Напоминание о его положении острой болью отозвалось в незаживающей ране Гласинчанина.
– Оставь мои кубометры в покое. Я этим живу, а не пускаюсь в авантюры, не одурачиваю никого и не обольщаю.
– А кого же это обольщаю я?
– Всякого или всякую, кто подвернется.
– Это неправда!
– Нет, правда. Сам знаешь, что правда. И уж если зашла об этом речь, я тебе скажу все напрямик.
– Я не любопытен.
– А я все равно скажу, потому что, даже скача по бревнам целый день, можно кое-что увидеть и понять, осмыслить, прочувствовать. И я хочу наконец выложить тебе все, что я думаю о твоих разнообразных занятиях и дарованиях, твоих смелых теориях, стихах и любовных интригах.
Стикович сделал движение, как бы порываясь встать, но остался на месте. Фортепьяно и скрипка в офицерском собрании давно уже снова играли (они исполняли третью, самую веселую и оживленную часть сонаты), звуки музыки сливались в ночи с шумом реки.
– Спасибо, об этом я слышал от людей поумнее тебя.
– Ну нет. Другие либо тебя не знают, либо лгут, либо думают так же, как я, но молчат. Все твои теории, все твои бесчисленные интеллектуальные занятия, как и любовь и дружба, – все они порождены амбицией, ложной, нездоровой амбицией, основанной на одном только тщеславии.
– Ха, ха!
– Да, да. И самая эта идея национального освобождения, столь пламенно тобой пропагандируемая, – и она тоже не что иное, как своеобразное проявление все того же тщеславия. Ибо ты не способен любить ни мать, ни сестер, ни родного брата, не говоря уж о какой-то там идее. Только из тщеславия ты можешь быть добрым, щедрым и самоотверженным. Оно – единственная сила, которая движет тобою, твоя святыня, единственное в мире, что ты любишь больше самого себя. Твоя показная горячность и преданность национальным идеалам, науке, поэзии или еще какой-нибудь другой высокой цели, вознесшейся над интересами личности, конечно, введет в заблуждение любого, кто тебя не знает. Но ты не можешь надолго отдаваться чему-то одному – тщеславие не позволяет! Едва пропадает тщеславный интерес, как сейчас же охлаждается весь твой пыл и ты пальцем не пошевельнешь в защиту некогда близких тебе идей. В конце концов из-за него ты сам себя предашь, ибо ты не что иное, как раб собственного тщеславия. Меру своего тщеславия ты и сам не знаешь. Я же вижу тебя насквозь, и только я один знаю, что ты чудовищное порождение тщеславия.

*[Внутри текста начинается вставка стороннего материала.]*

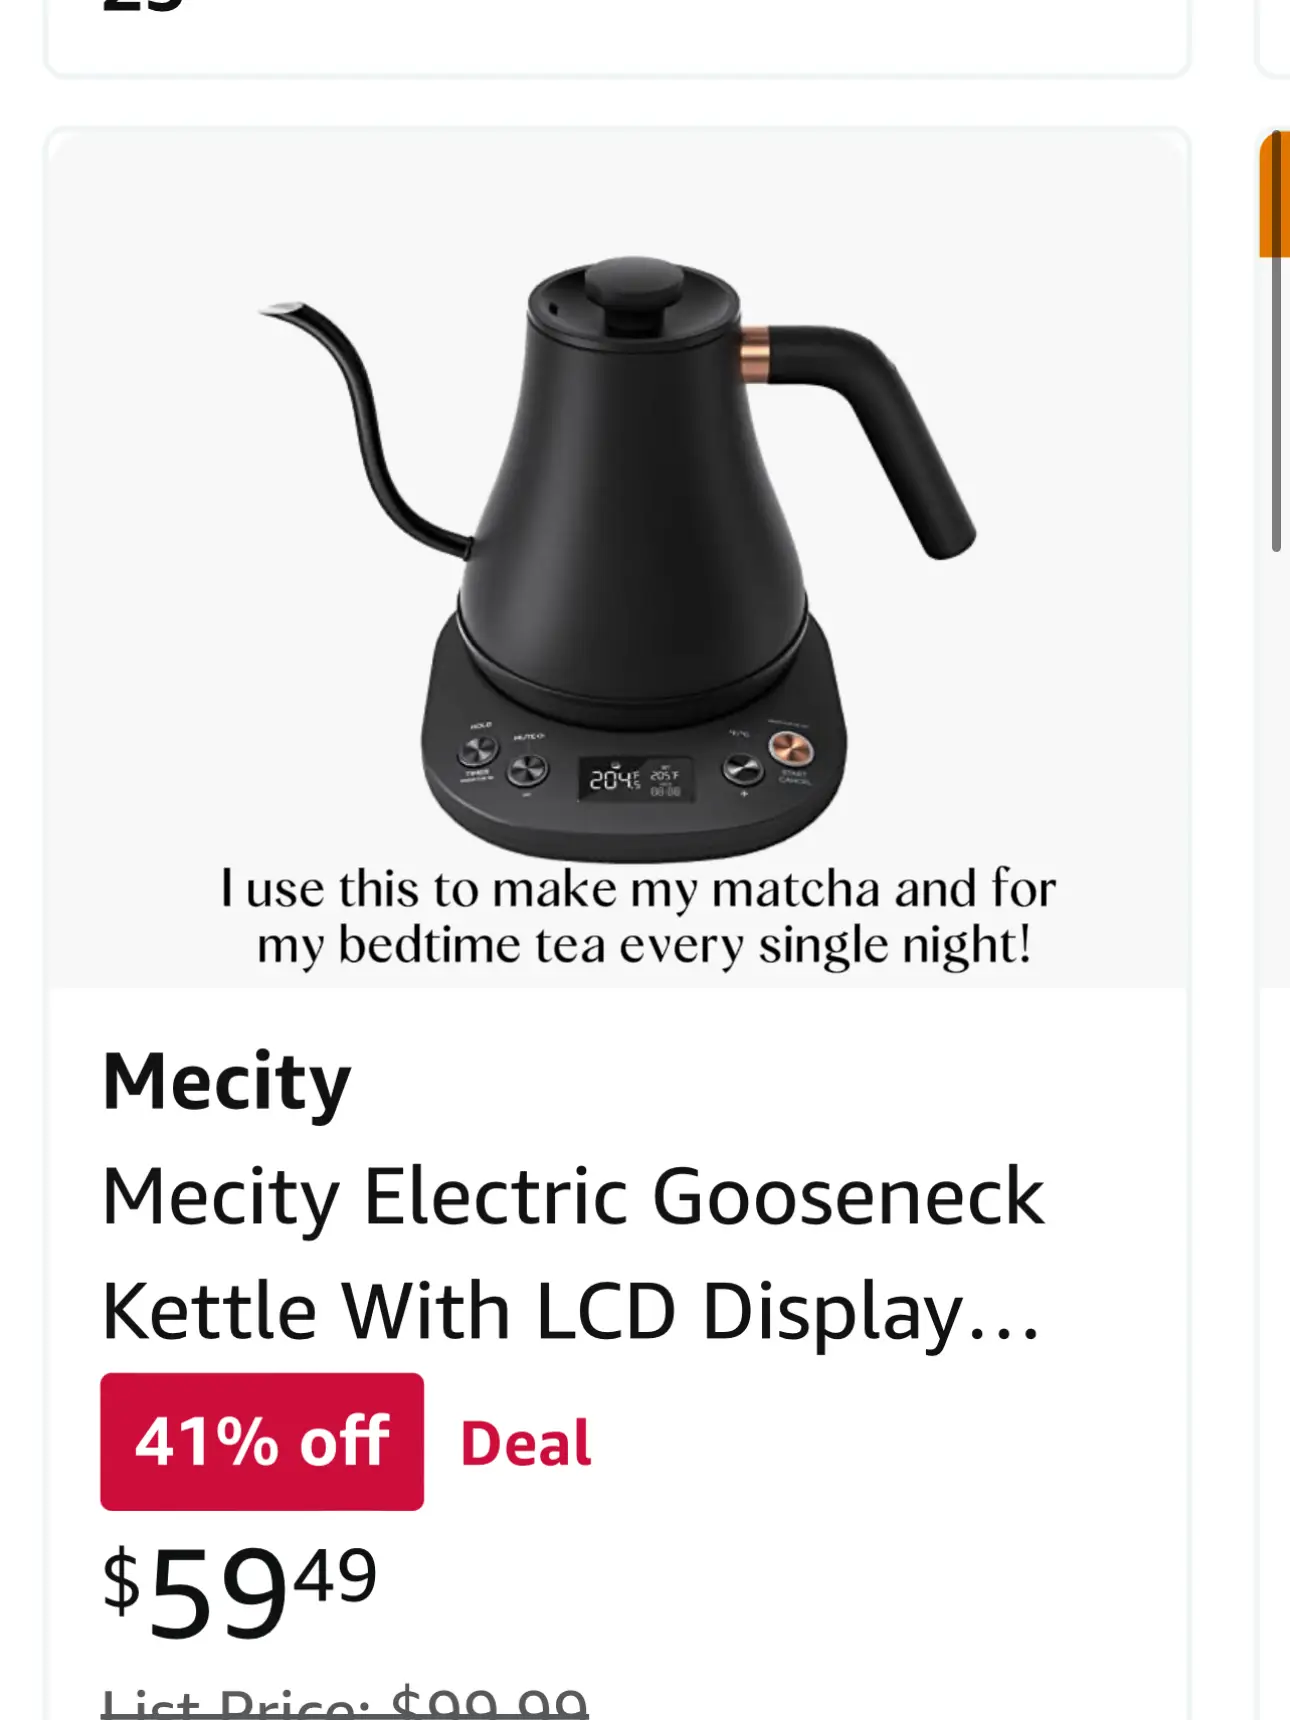 Mecity Electric Gooseneck Kettle Review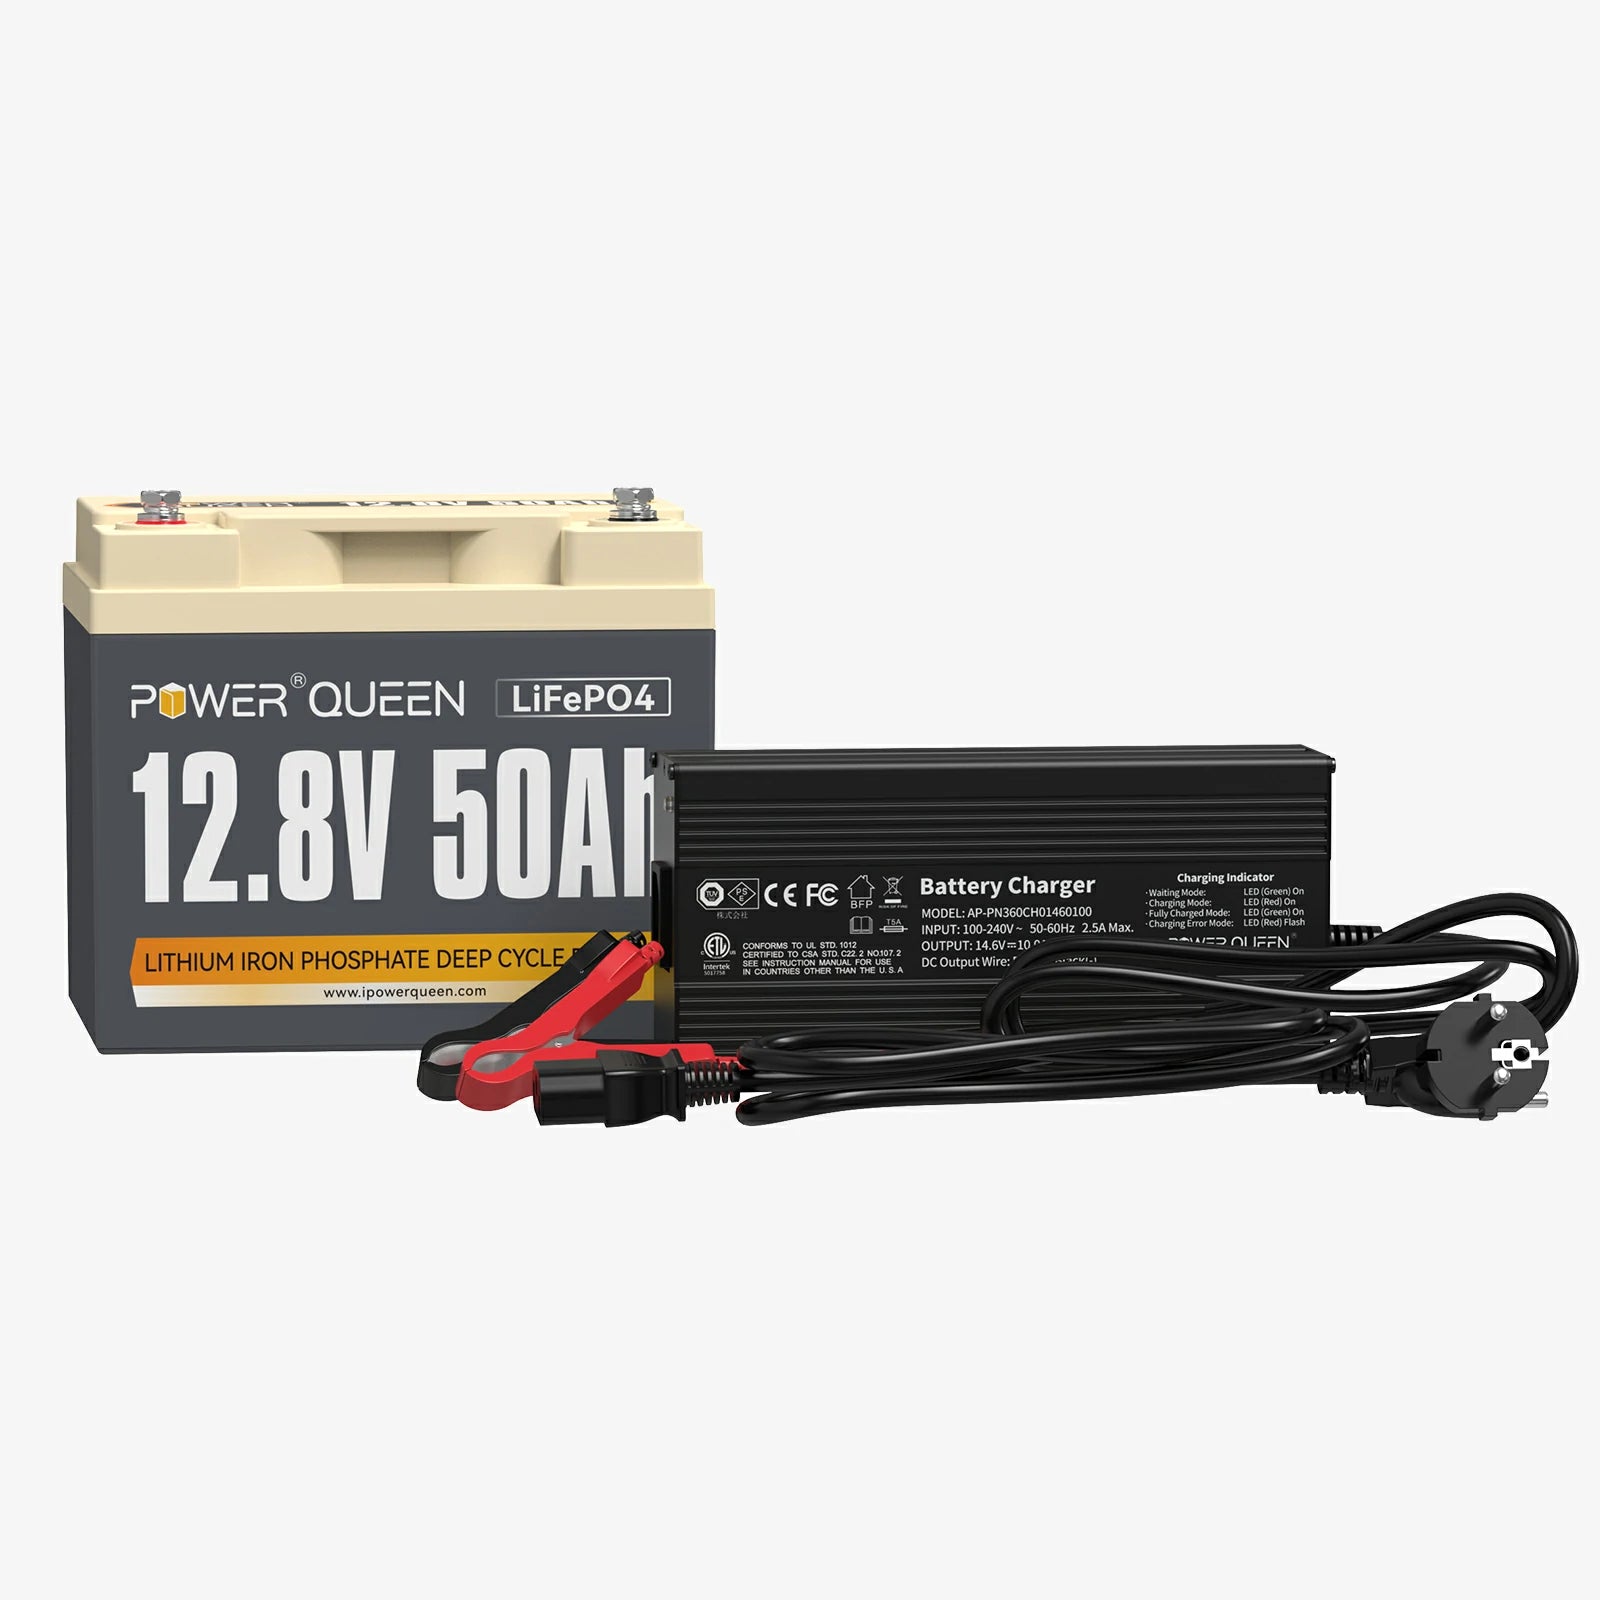 50Ah Lithium LiFePO4 Batterie PB-LI-50 (DIN) 50A - 12,8V / 50 Ah

Стикович ничего не отвечал. Ошеломленный страстной убежденностью этой речи, он с изумлением смотрел на своего товарища, столь неожиданно представшего перед ним в новой роли и новом свете. Протест и возмущение первых минут постепенно сменились в нем любопытством к язвительному потоку обличений, даже чем-то льстившим ему. Отдельные слова, правда, больно задевали его за живое, однако же все в целом, – беспощадное проникновение в его характер, – доставляло Стиковичу странное удовольствие. Ибо назвать молодого человека чудовищем – значит лишь польстить его самолюбию и гордости. Ему и в самом деле не терпелось, чтоб Гласинчанин продолжил это яростное копание в его душе, ослепительное высвечивание его скрытого «я»; в этом он видел как бы лишнее подтверждение его исключительности и всесилия. Застывший взгляд Стиковича остановился на белой плите мемориальной доски, ярко выступавшей в лунном свете. Пристально вглядываясь в загадочные письмена турецкой надписи, он как бы стремился вычитать в них истинный, сокровенный смысл того, что с такой жестокой убедительностью преподносил ему озлобившийся приятель.